Rekha Rachel Thomas is a mathematician and operations researcher. She works as a professor of mathematics at the University of Washington, and was the Robert R. and Elaine F. Phelps Professor there from 2008 until 2012. Her research interests include mathematical optimization and computational algebra.

Thomas earned a PhD in operations research from Cornell University in 1994, supervised by Bernd Sturmfels; her dissertation concerned Gröbner bases and integer programming.
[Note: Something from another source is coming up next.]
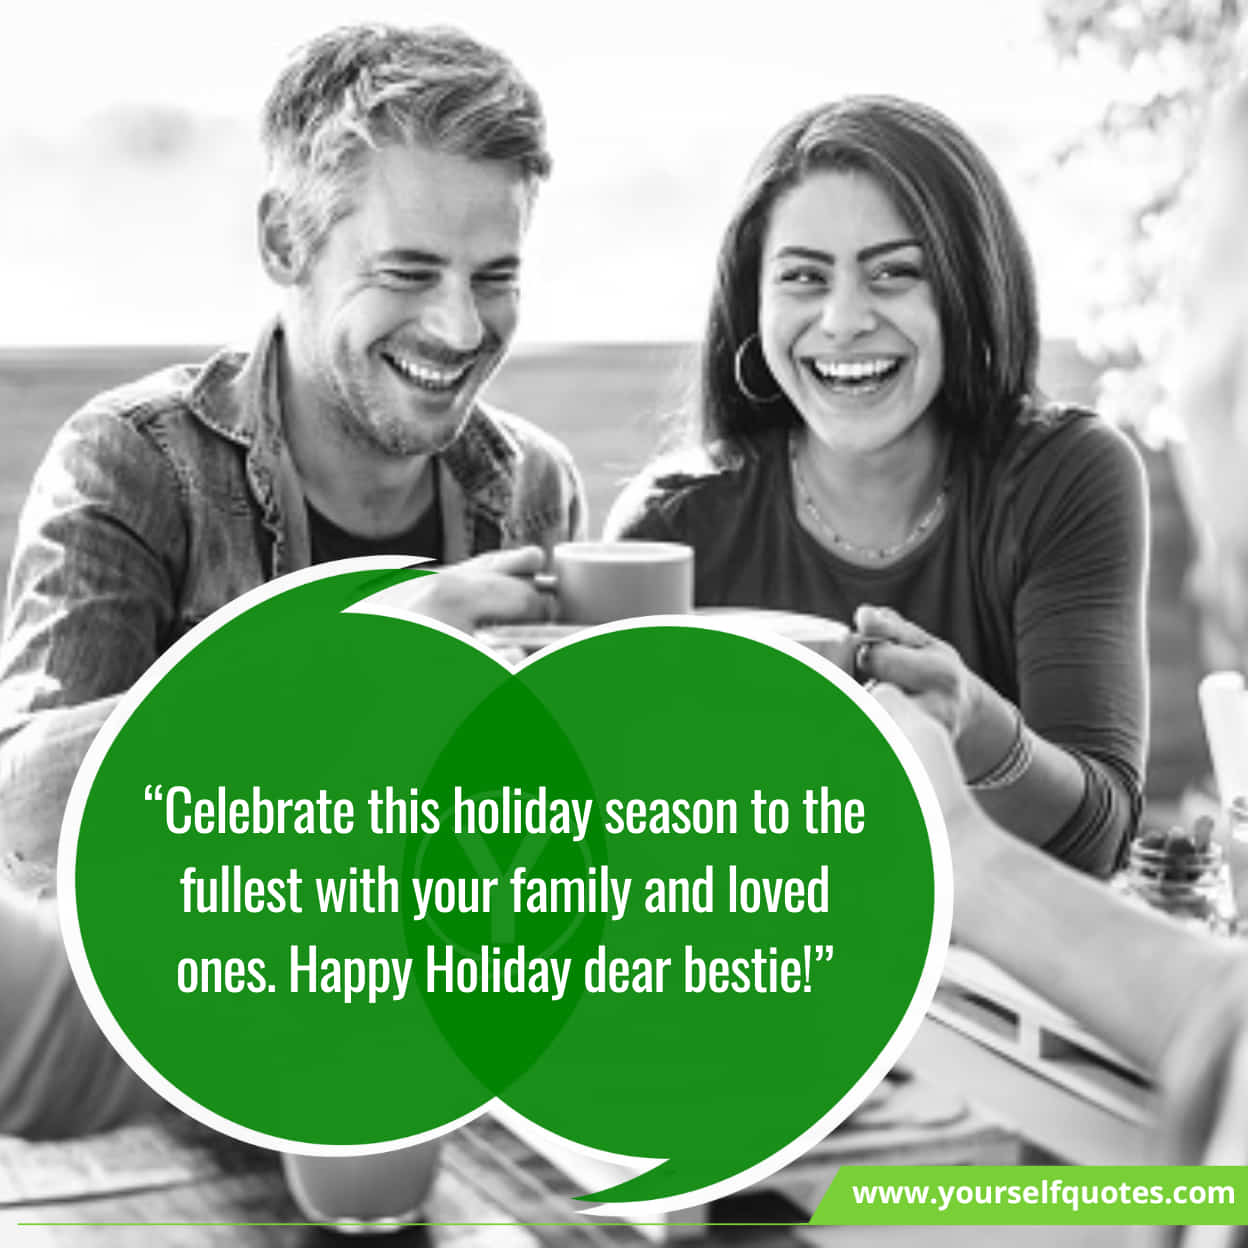 Holiday Sayings For Friends & Family
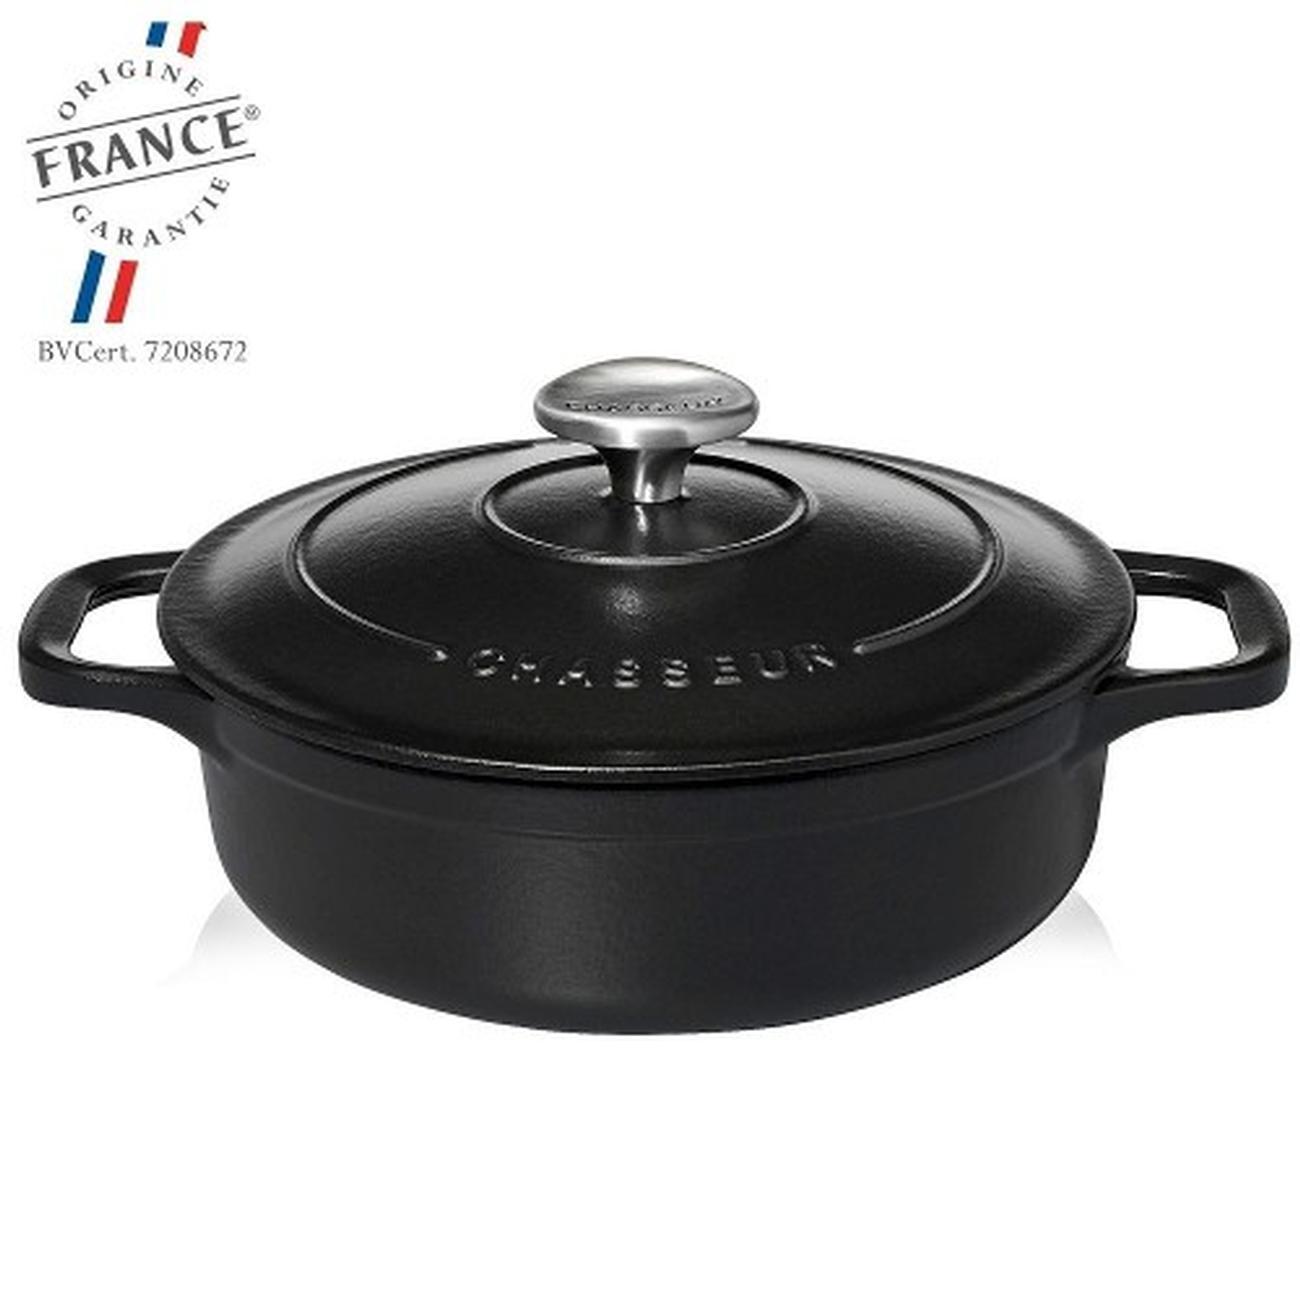 https://www.thekitchenwhisk.ie/contentfiles/productImages/Large/chasseur-casserole-shallow-round-30cm-blackmatte-3.jpg

Prior to joining the University of Washington in 2000, she did postdoctoral studies at Yale University and the Zuse Institute Berlin, and held a faculty position at Texas A&M University beginning in 1995.

Thomas is the author of the textbook Lectures in Geometric Combinatorics (Student Mathematical Library, 33, American Mathematical Society, 2006). She was a plenary speaker at the 21st International Symposium on Mathematical Programming in 2012.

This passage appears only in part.